The problem is both the nature of fee-for-service medicine, but also the very way we define a billable service. The Social Security Act, which defines Medicare, has been interpreted to exclude supportive care, like that provided by most members of a palliative care team because coverage is limited to interventions that improved health only: “[care is covered unless] not reasonable and necessary for the diagnosis or treatment of illness or injury or to improve the functioning of a malformed body member.” SSA §1862(a)(1)(A); 42 U.S.C. 1395y(a)(1)(A)
And as we know, the Medicare model heavily influences most private insurers.
However I see this as an opportunity. We want the outcomes palliative care can offer. We want the cost-savings palliative care can generate.

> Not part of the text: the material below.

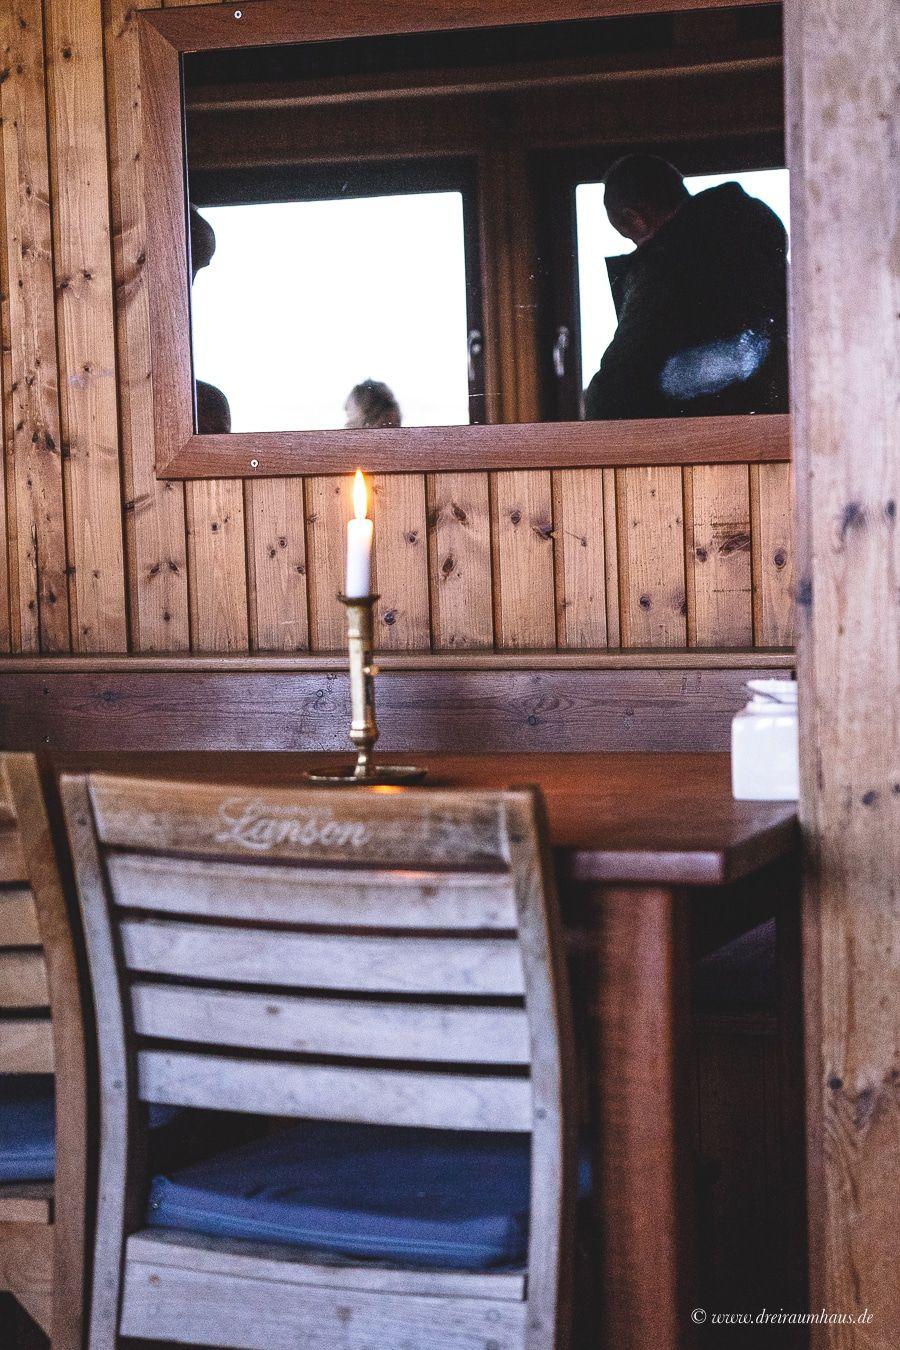 SANSIBAR SYLT?!....10 GRÜNDE vorbeizugehen.... Urlaub auf Sylt!

The payment model simply has to change, and private payers are uniquely positioned to make these changes. In doing so, private payers can have a tremendous impact on the way we pay for healthcare in this country and also on their own bottom line.
The IOM report calls for this type of change, specifically addressing federal reimbursement. Some insurance companies are already reimbursing for end-of-life discussions.
But this is just a drop in the bucket. What palliative care is really about is the coordination of care for the chronically ill including adequate follow-up and non-traditional resources. We get there through market innovation and implementation of value-based models and a move away from fee-for-service.
This is a business opportunity as much as it is about changing the way we manage chronic illness to improve patient outcomes and quality of life. We need market innovators and risk takers, not necessarily legislators, to help get us there.